Growing up in the 90s with 14.4 baud dialup, and having 450mbps service today, my internet experience is as close to "Seamless" as I ever would have projected 25 years ago. Most service issues I run into are with the services I consume, not the connection from me... E.g., Xbox Live going down or JackBox Party Pack freezing on a busy Friday night.
Will it ever be 100% connectivity, high speed, no interruptions, ever? No, 100% uptime is not possible. Even 99.9% uptime still means you're disconnected for 3.5 days a year, which is enough for many people to call and demand a rebate from the cable company. Still, even with really high deliverability rates... 99.999%, etc., there will still be times when something goes down. I think back on 9/11/2001, when from like 1995 to 9/10/2001, nobody had ever experience cell tower outages, maybe you'd lose service inside a building or something, or maybe leaving a sports event you couldn't call home because 75,000 fans just tried to make the same phone call from the same tower, but generally your cell service was never "down" because of volume aside from events like that, and once you were 10mi away from the stadium your call would go through. ...Then, on 9/11 till about 9/15, most people couldn't make any phone calls on their cell phones in or out of NYC and surrounding areas for a week.
I think we're always going to see situations like that. Amidst this coronavirus outbreak, in an area that's been on fuctional lockdown for about 3 weeks now, I think what's most surprising to me isn't that services have gone down, but that I really haven't experienced any major outages. My internet has been stable, Netflix, Disney+, Xbox, Amazon, etc, have all been steady. MS Teams, Hangouts, Duo, Zoom, etc., have all worked really well. My works' VPN has been good. Even smaller companies like Udemy are running solid. Shit I kinda all thought would go to shit if we suddenly all started using it at once, has surprisingly scaled really well.
If the internet ever had a true stress test, this is it. And while there have been articles and stories in some places of Netflix going to Standard Definition or YouTube only serving 720p so that emergency services get bandwidth priority, that's... really not a major compromise, and that's a success story. If I have to watch reruns of the Office, a 15 year old TV show, in 480p or 720p so that the hospitals in my city get priority access to life saving information, that's a compromise I'm willing to make. During WWII there were fucking breadlines, gas shortages, and widespread rationining. Today, my Mixer feed might be 10 seconds behind where I'd like it to be. Over the span of 3 weeks 75% of America, probably the largest consumer of bandwidth in the world (right?) switched to remote work, and everybody's lives shifted inside. That's not a slow transition of 5% a year over 15 years or something, it went from 5% fo 75% in a matter of days and weeks... and so far... the infrastructure has held up better than I would have ever imagined it would have a month ago.

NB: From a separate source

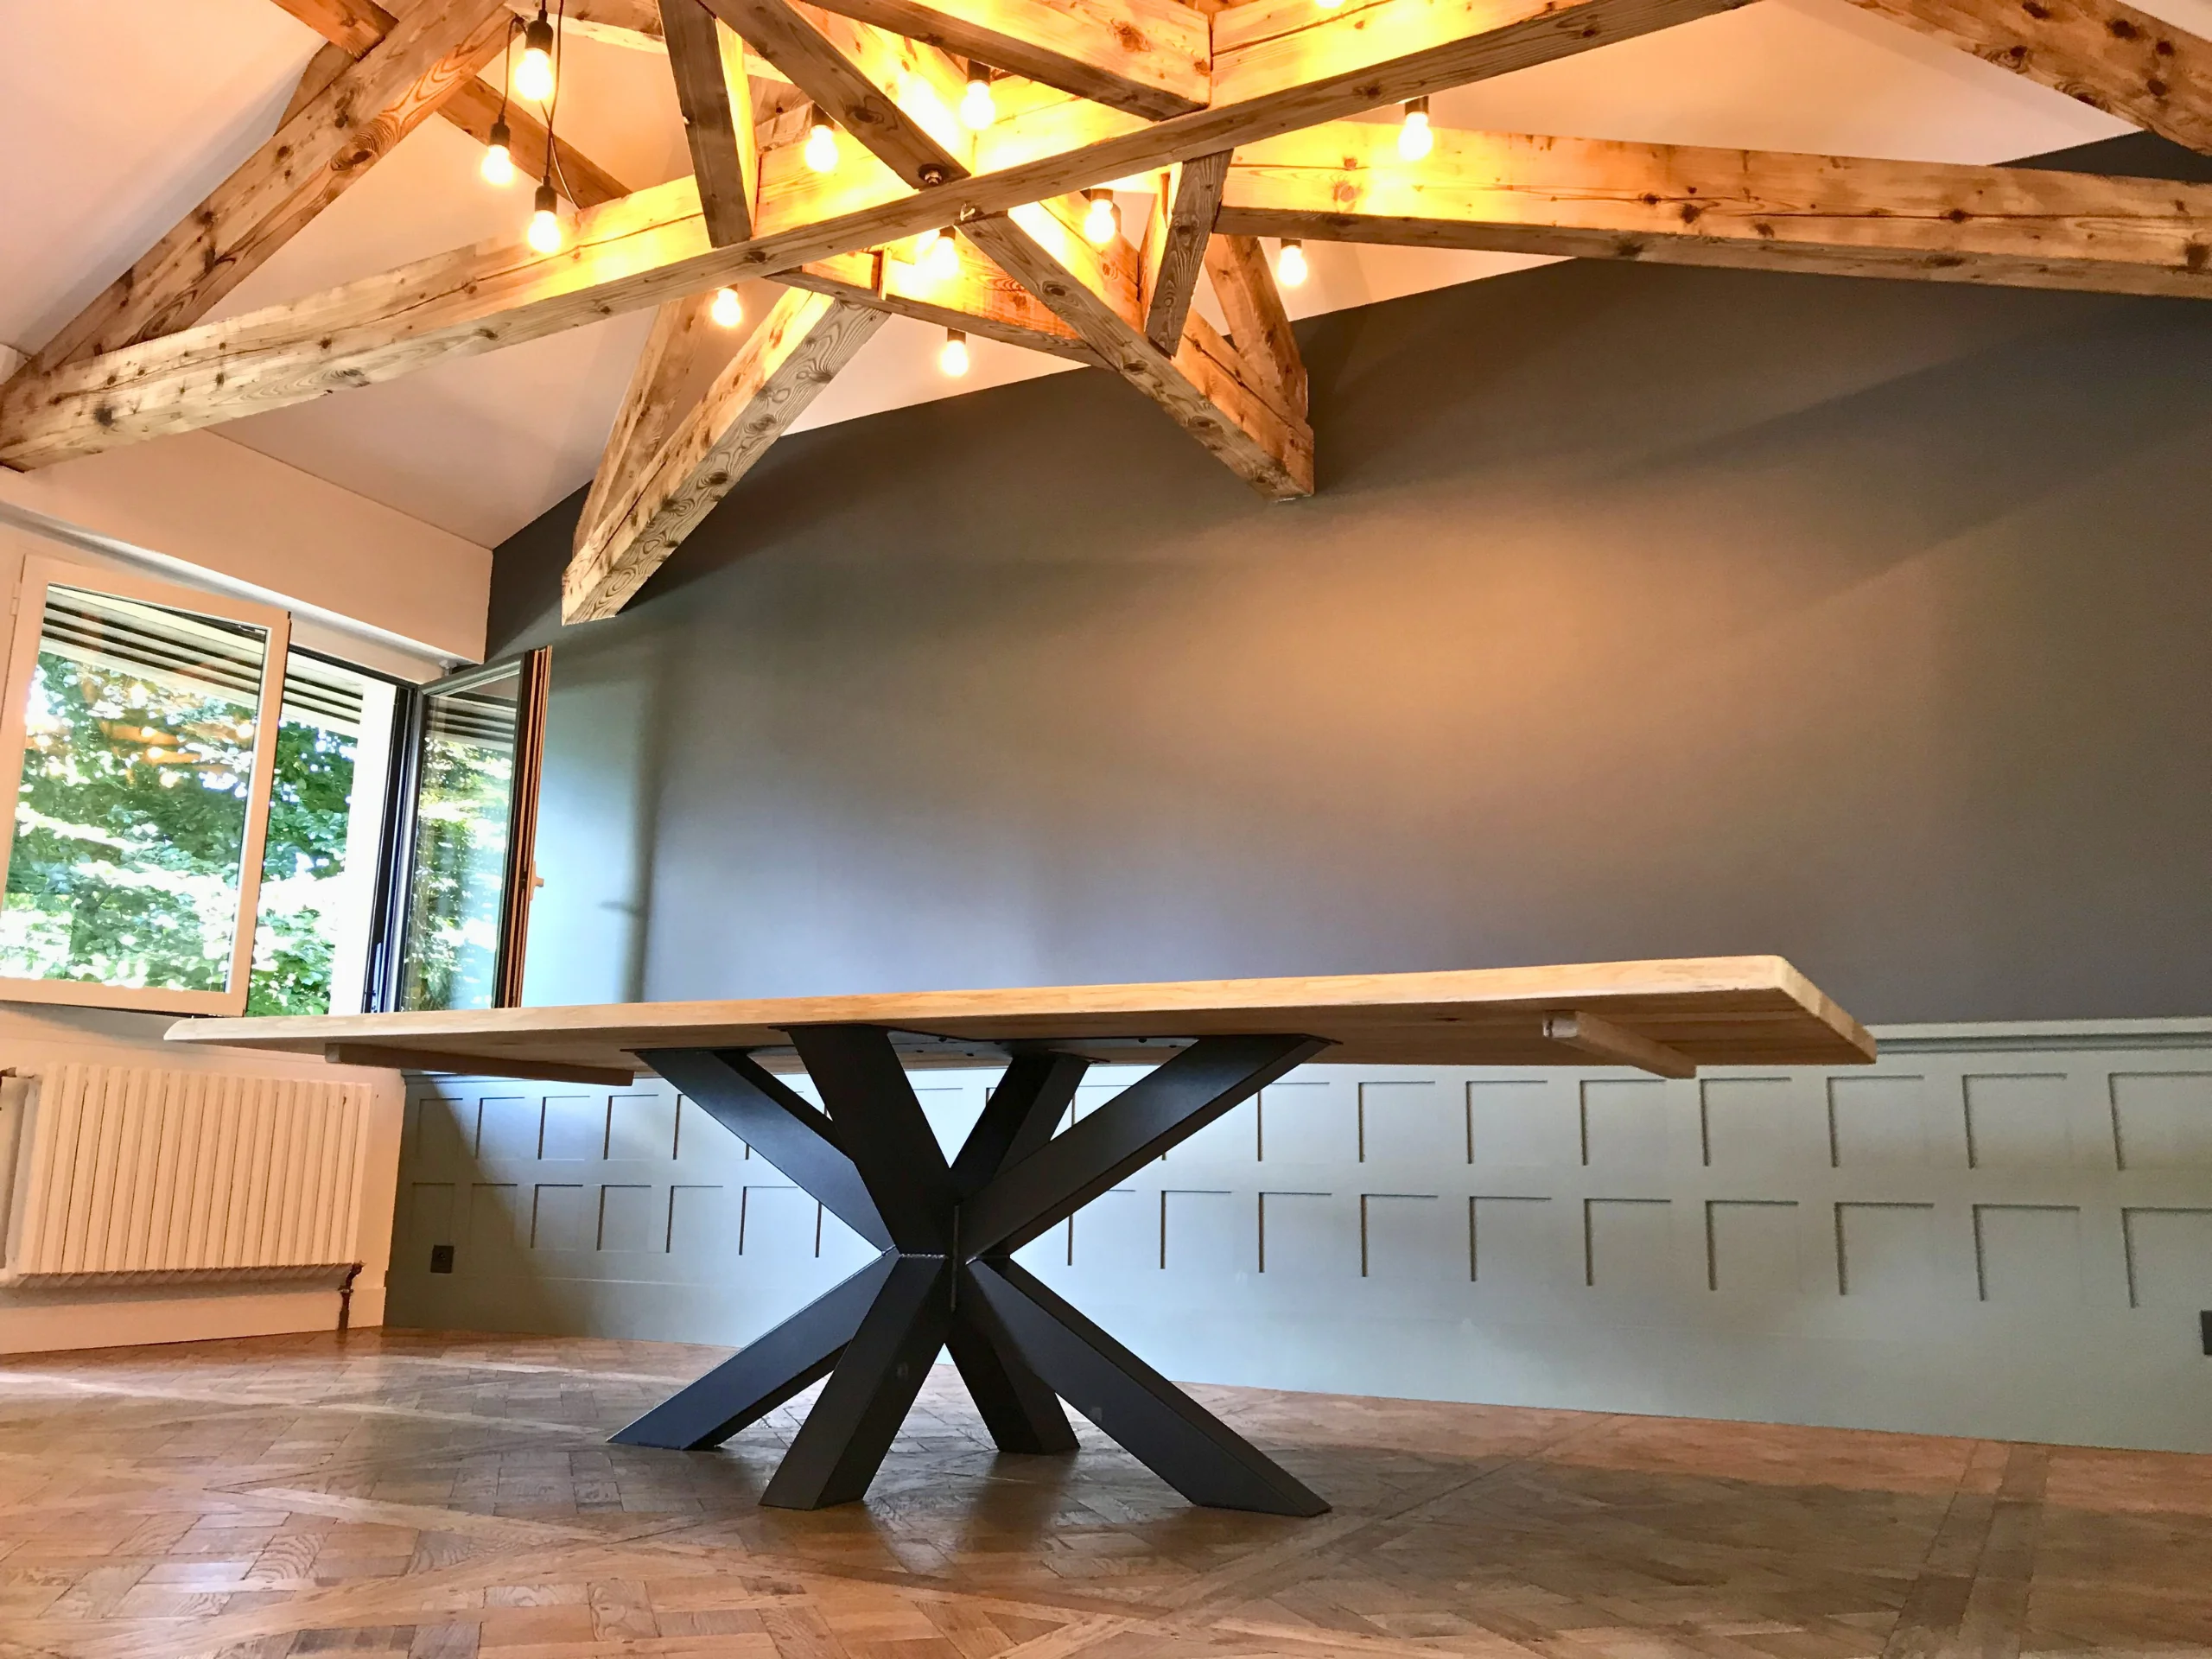 Un grand salon avec un table en bois massif, avec un pied Etoile central acier robuste
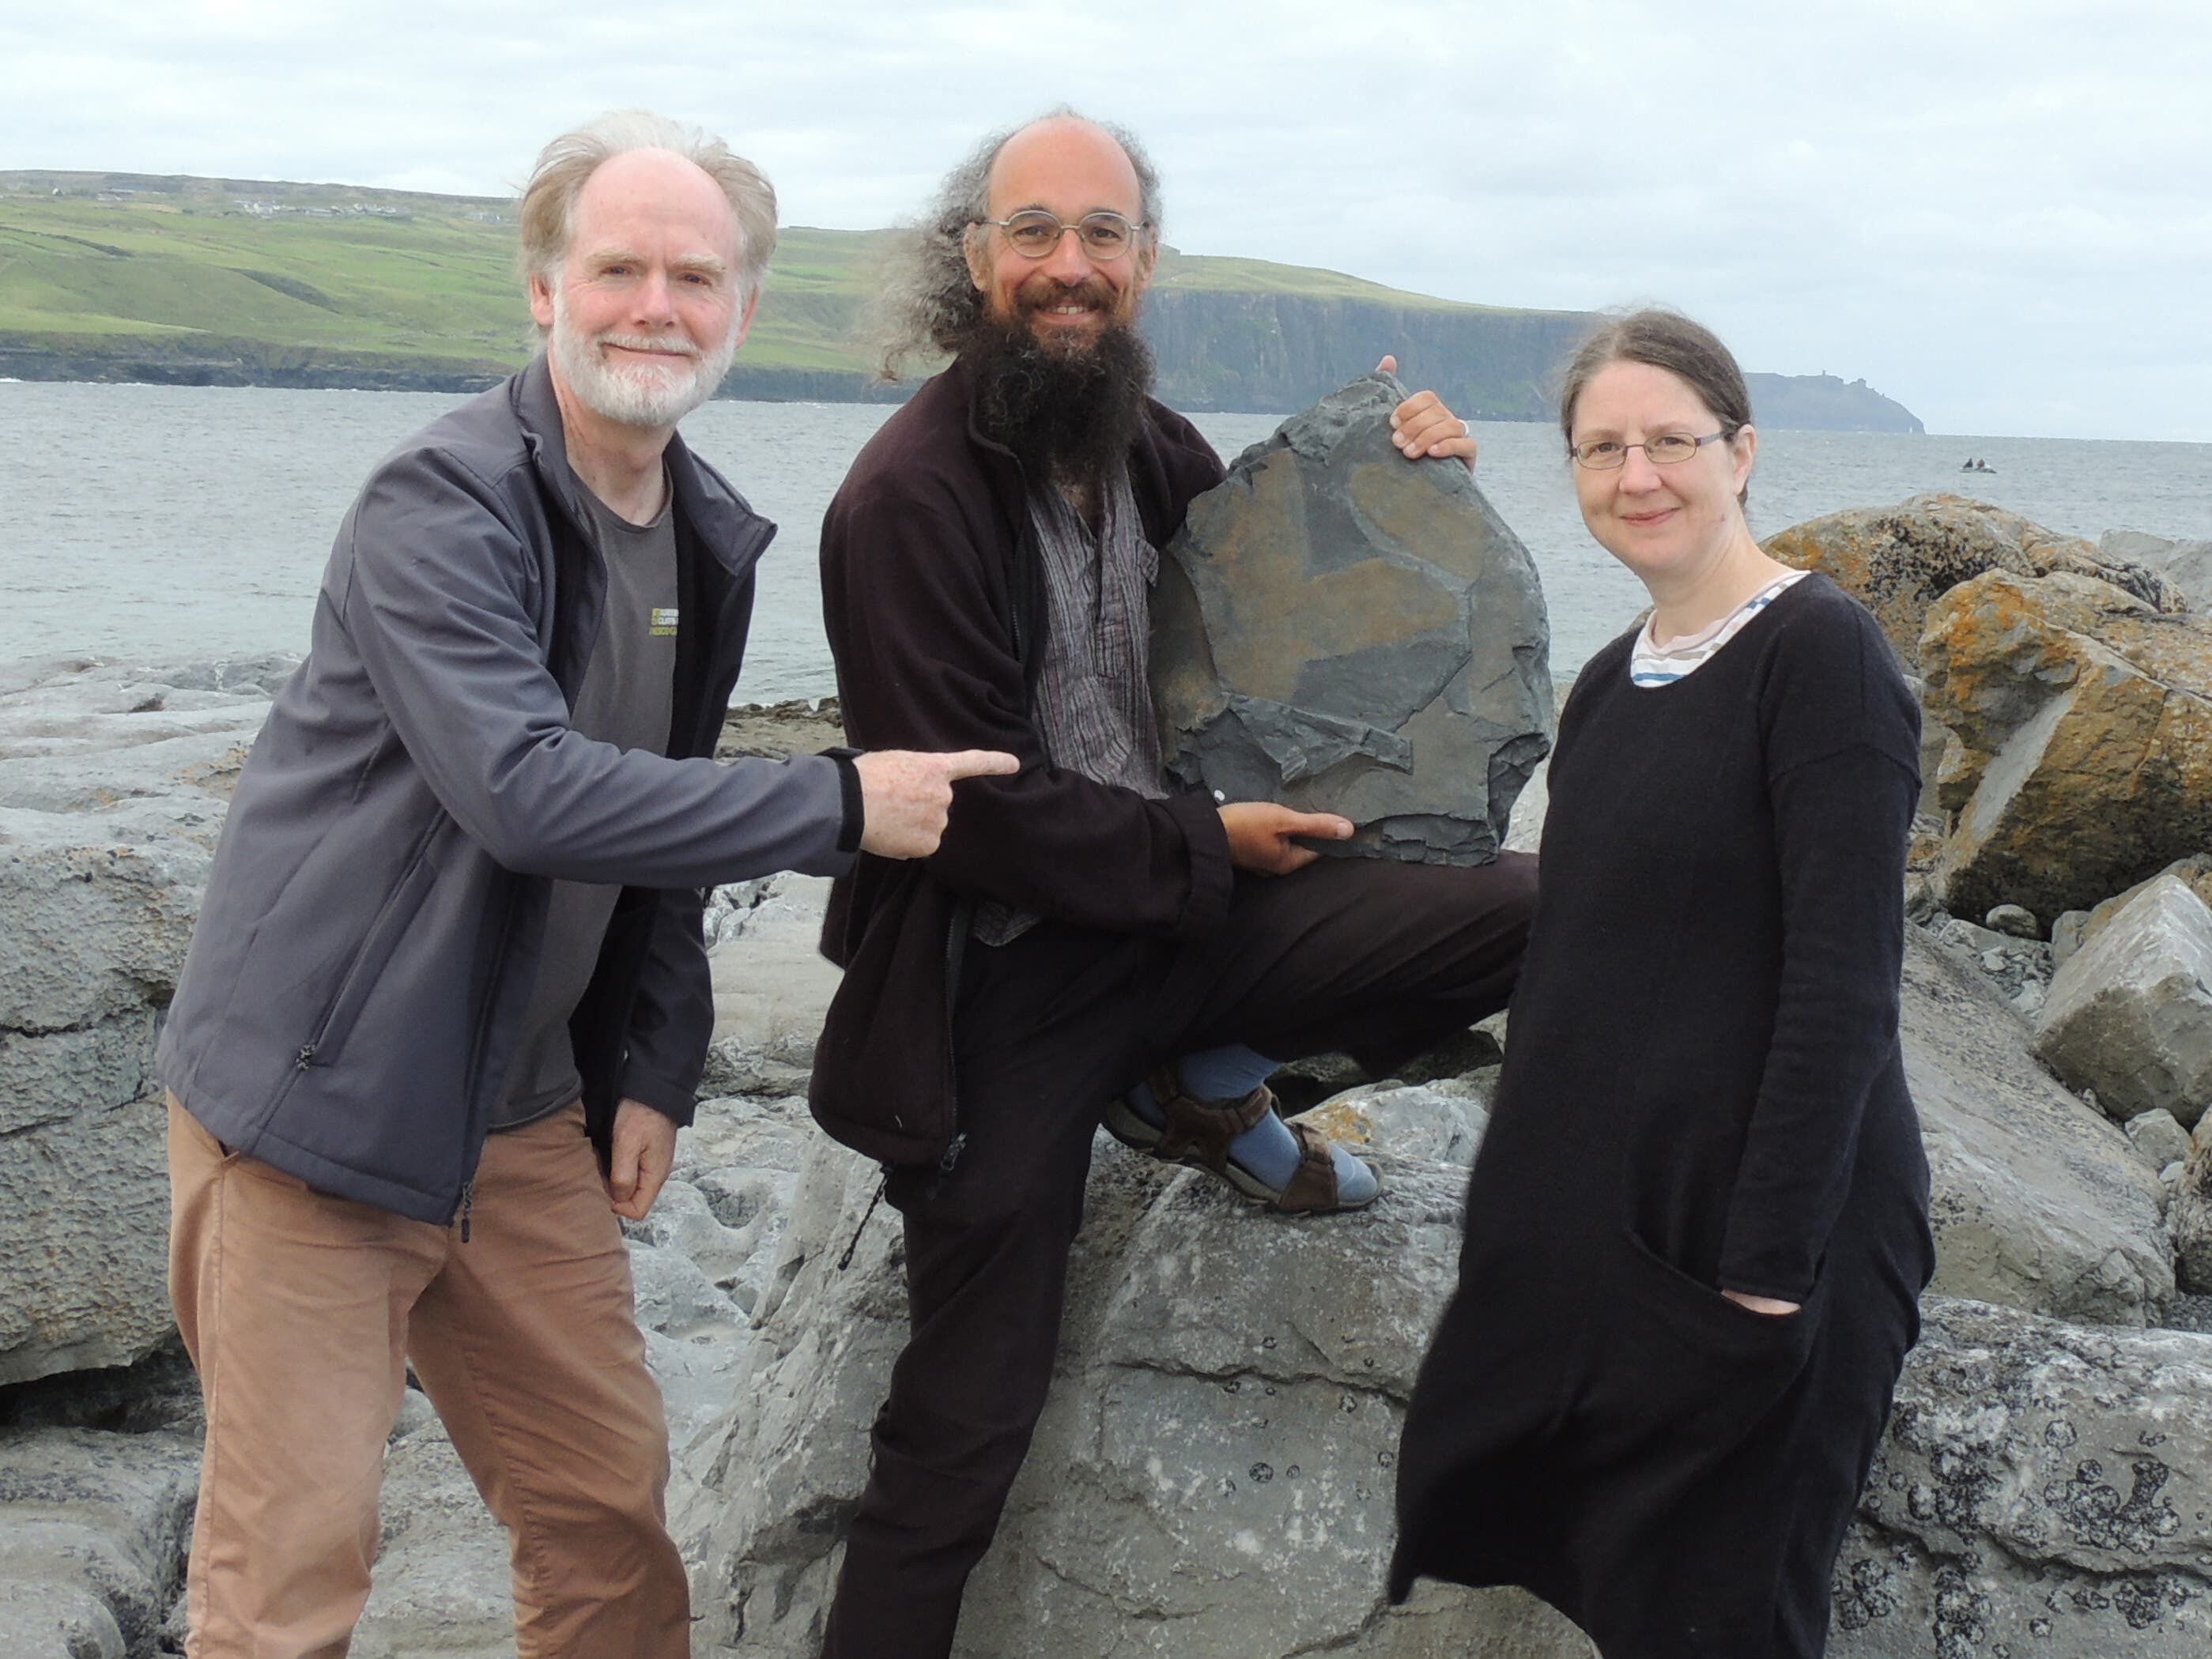 ‘Exceptional’ 315-million-year-old fossil sponge found in Irish cliffs

But, outside of crisis, the low latency of 5G is probably going to be felt more on connected devices than it will be on your own phone, game console, computer, etc. On the individual consumer side we'll see that affect on the devices that come out because of how 5G enables that communication performance, but probably less so on ... say ... remotely streaming Halo 5 from XCloud to our phone (which will certainly benefit, but might not be *that* different than how we can experience it today with good traditional wifi + network; it'll be an incremental improvement there, faster response time, better stream quality, higher quality visual experience, etc, larger connection sessions, etc). The promise of 5G is going to be hundreds of new devices that can change your life in ways that you can't really imagine now. Sort of like how Wifi enabled the iPad to exist as it is today, but if you tried to imagine an iPAd even ~10 years earlier, in say 1998 ... when most internet users still dialed in through their phone line and only connected to the internet for 30minutes a day, and had to tie up a phone line to do it and could only do it from a hulking beast of a computer tether to their desk with a 11" enormous CRT monitor ..... It's tough to imagine the devices that can be enabled with ultra low latency 5G communication between connected devices. Imagine in 1996 saying to someone, "Can you turn on the lights? it's the Hue app on the ipad." The idea would be anathema, it's not science fiction or a marvel or something (you're *just* turning on lights," but the idea of using a ... super powerful mobile computer that's just a giant screen connected wirelessly to a home internet that is always on to do something so trivially mundane as to turn on or off all of the lights in your house, is a concept that would seem either pointless or impossible. Back in the 90s, the "future" of computing would be things like seamless video calls, like when technology gets better we're all going to be making video calls with grandma all day. And while that's the case right now in lockdown, for th emost part, most people communicate on short wave text messages, not long video calls. You're walking around with a super computer with the worlds most amazing digital camera, the size of a deck of cards in your pocket, and what you use it for most is to send 3-word messages to your friends. The way that technology changes your behavior is difficult to predict.